The problem
In this exercise, write out the data word for word and leave every image out.

The data
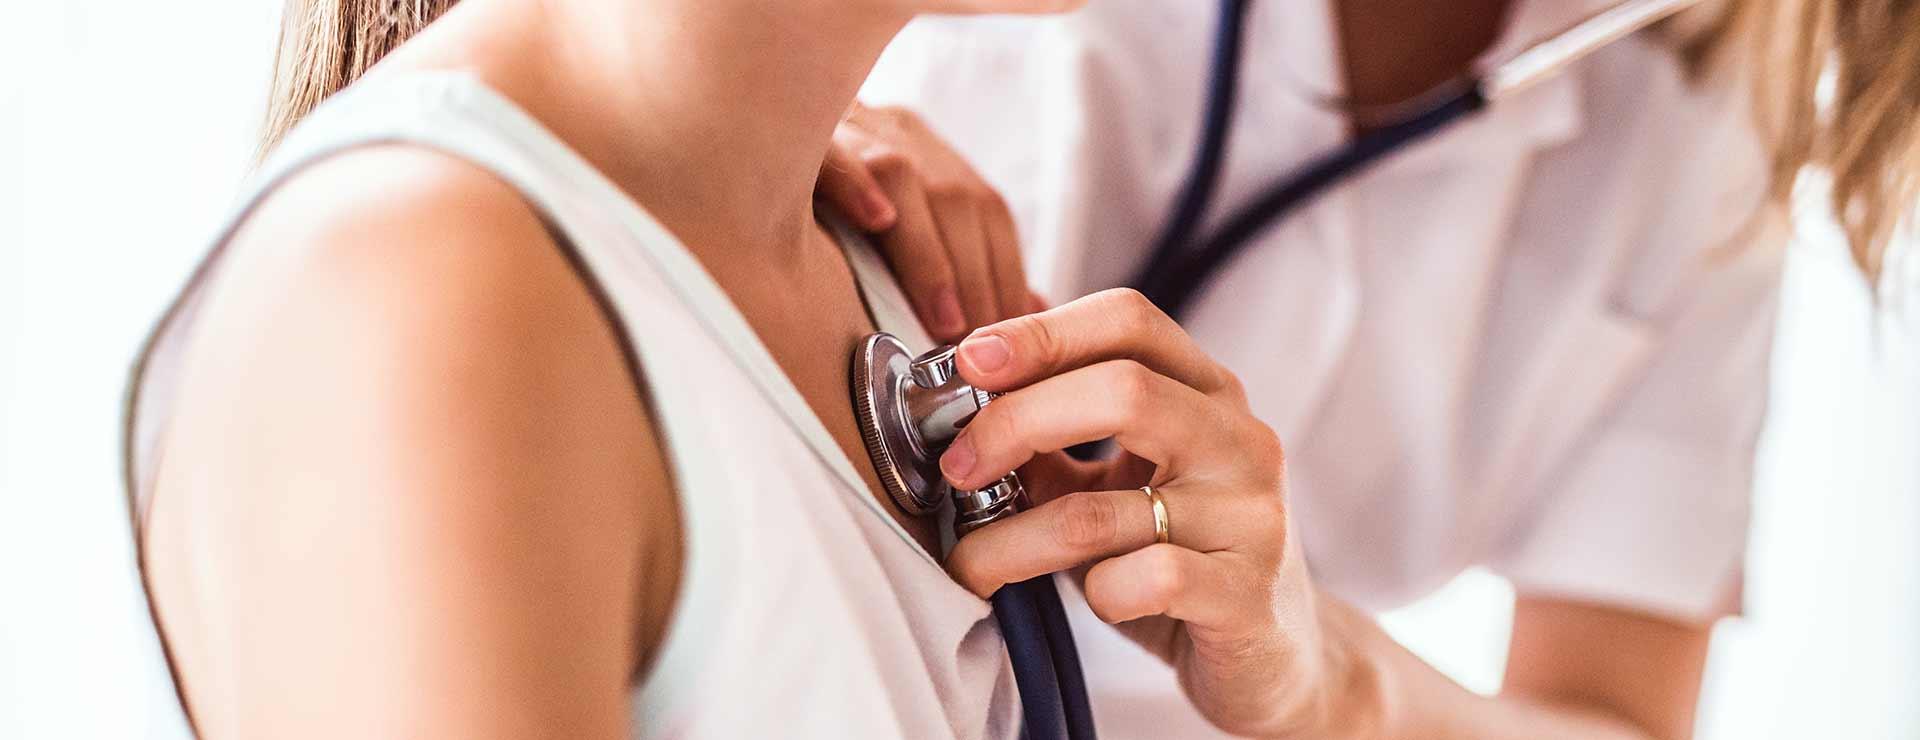 Loop Recorder Implantation | Johns Hopkins Medicine
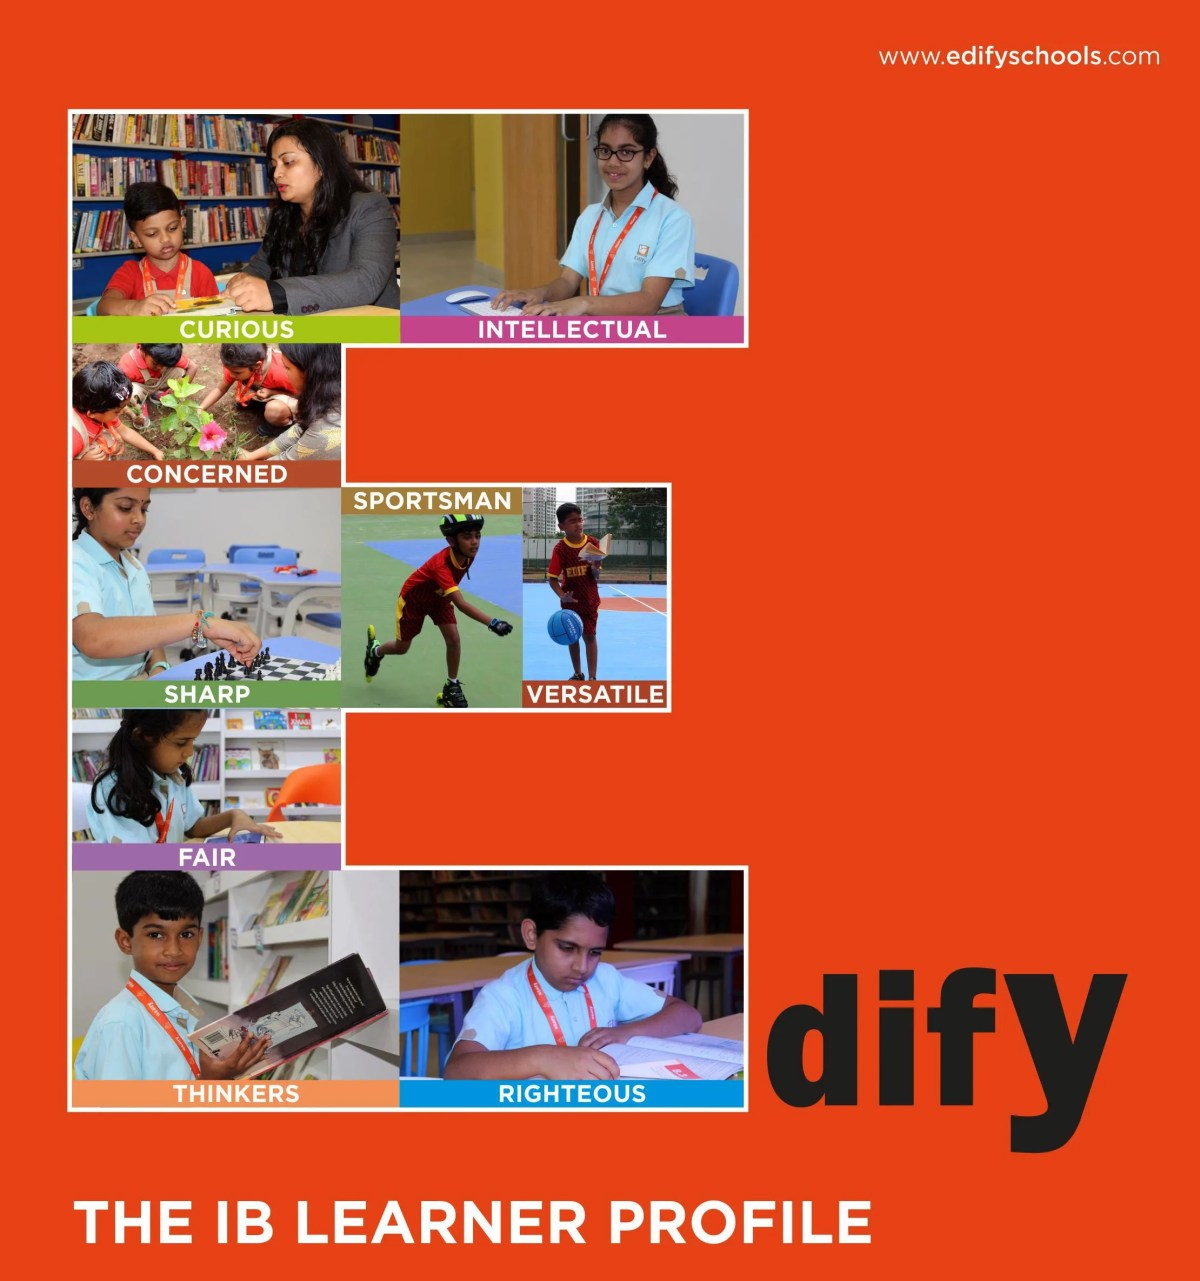 Edify International IB School Design Sample 2
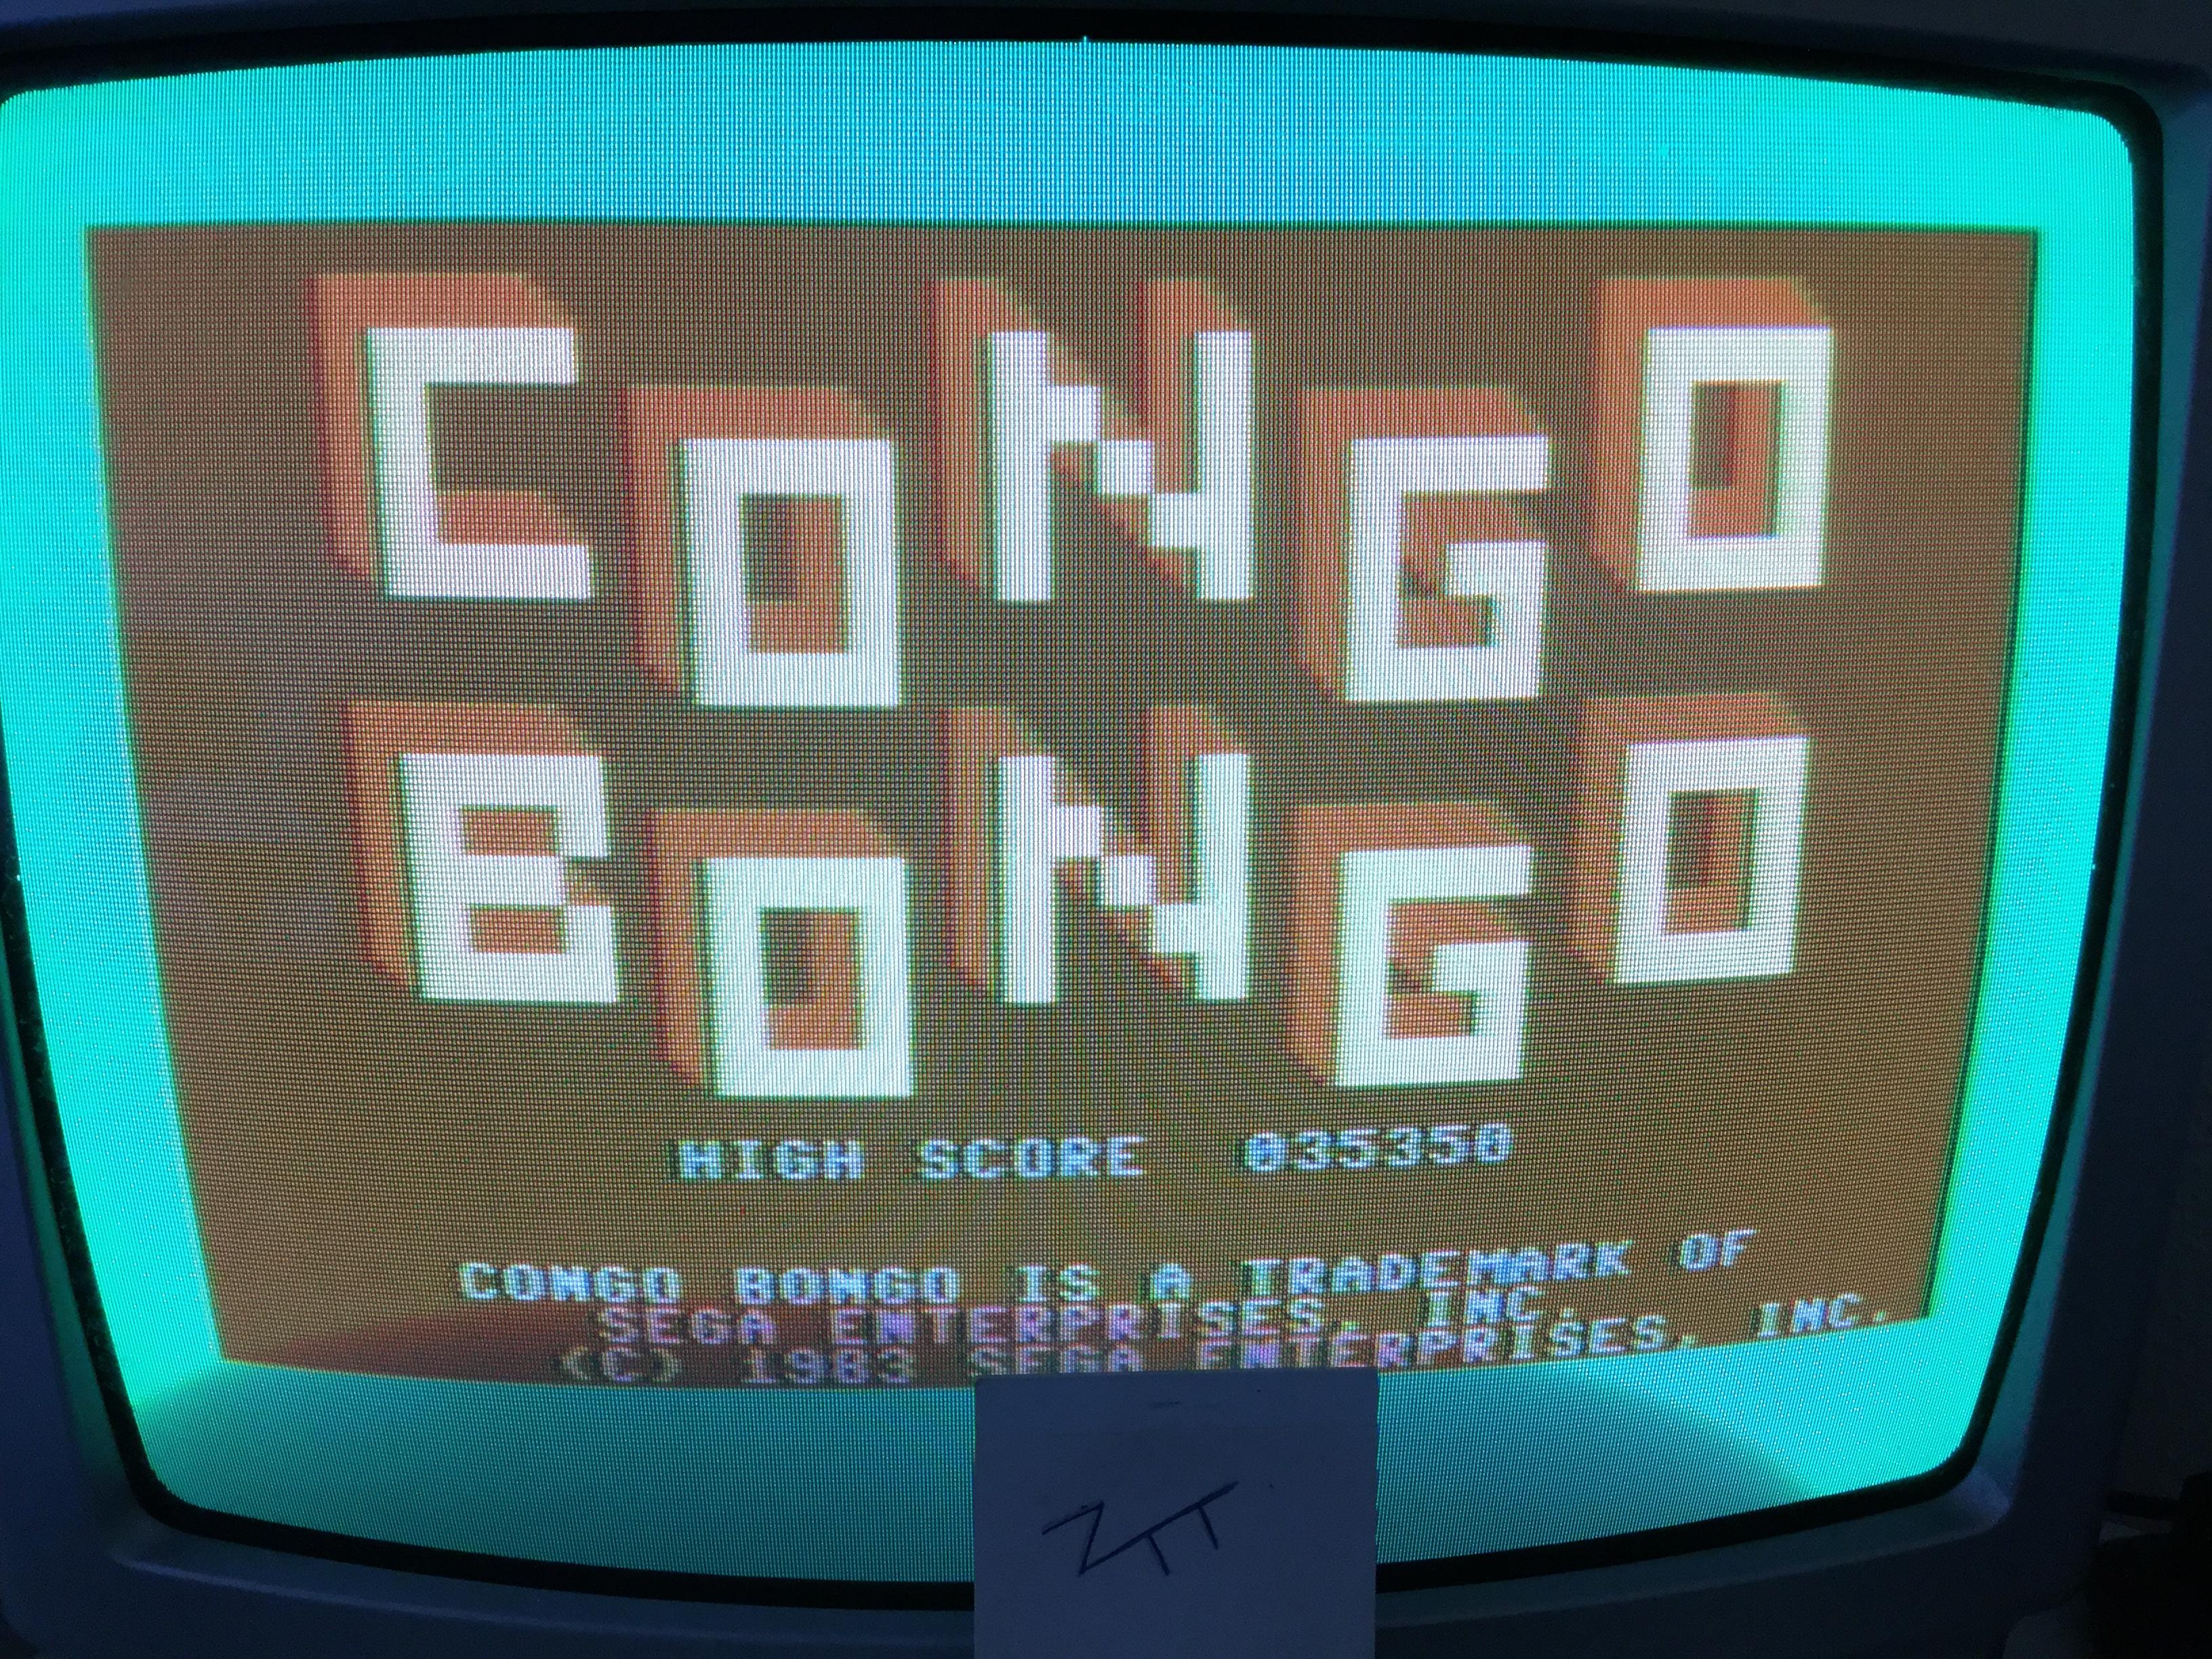 Frankie: Congo Bongo [1983 Version] (Commodore 64) 35,350 points on 2017-04-23 04:14:19
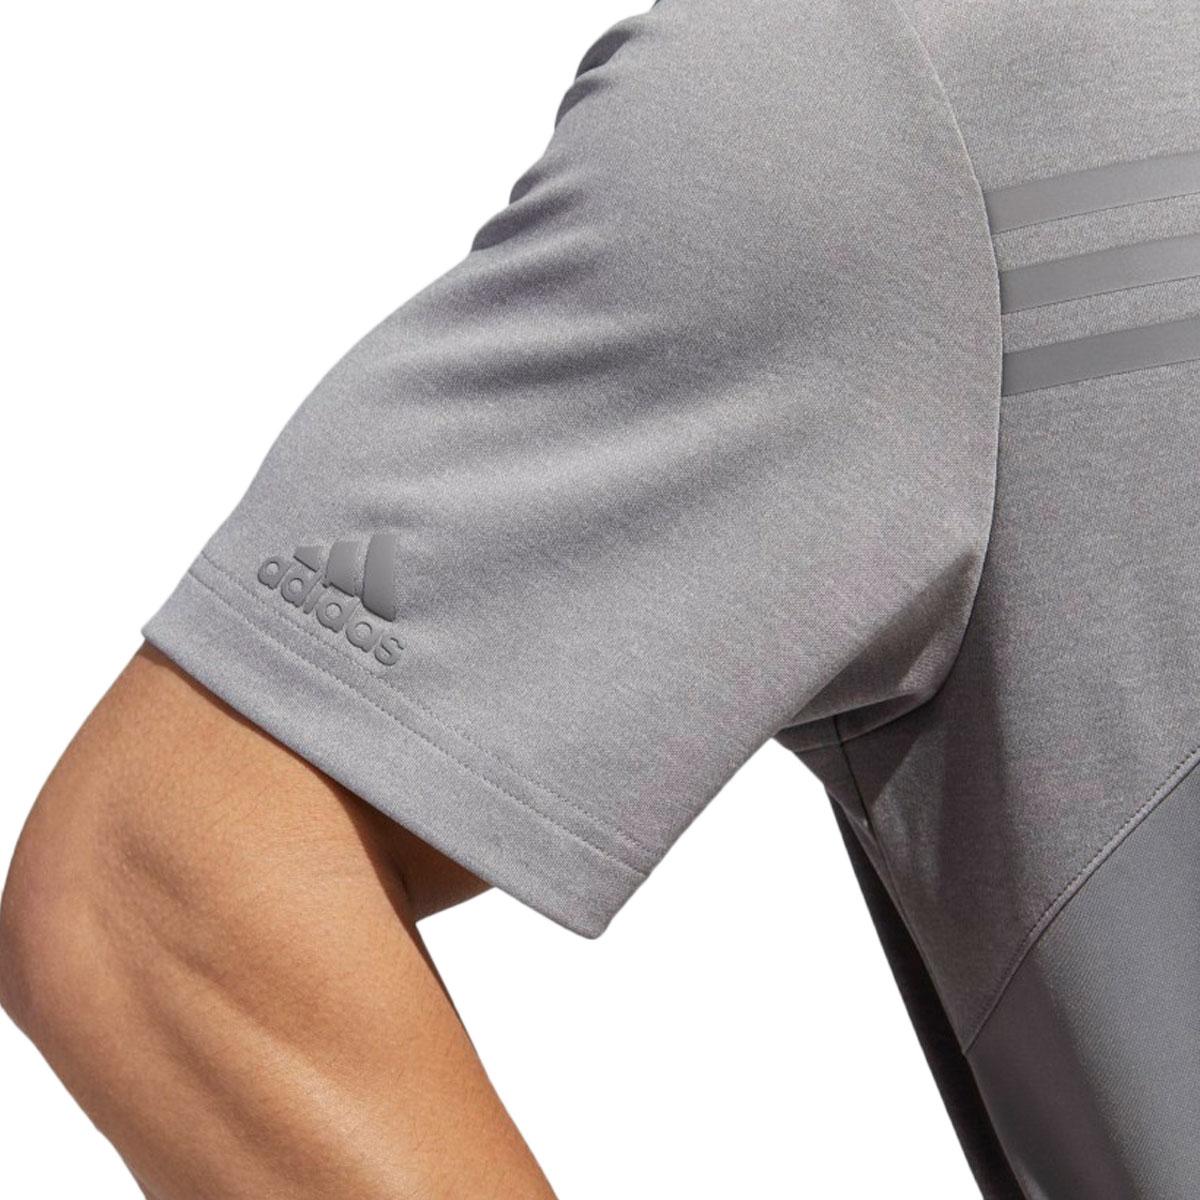 Adidas-Golf-Homme-3-Stripe-Heather-bloque-UPF-50-Polo-Shirt-43-off-RRP miniature 10

Response to the task
 Loop Recorder Implantation | Johns Hopkins Medicine
 Edify International IB School Design Sample 2
 Frankie: Congo Bongo [1983 Version] (Commodore 64) 35,350 points on 2017-04-23 04:14:19
 Adidas-Golf-Homme-3-Stripe-Heather-bloque-UPF-50-Polo-Shirt-43-off-RRP miniature 10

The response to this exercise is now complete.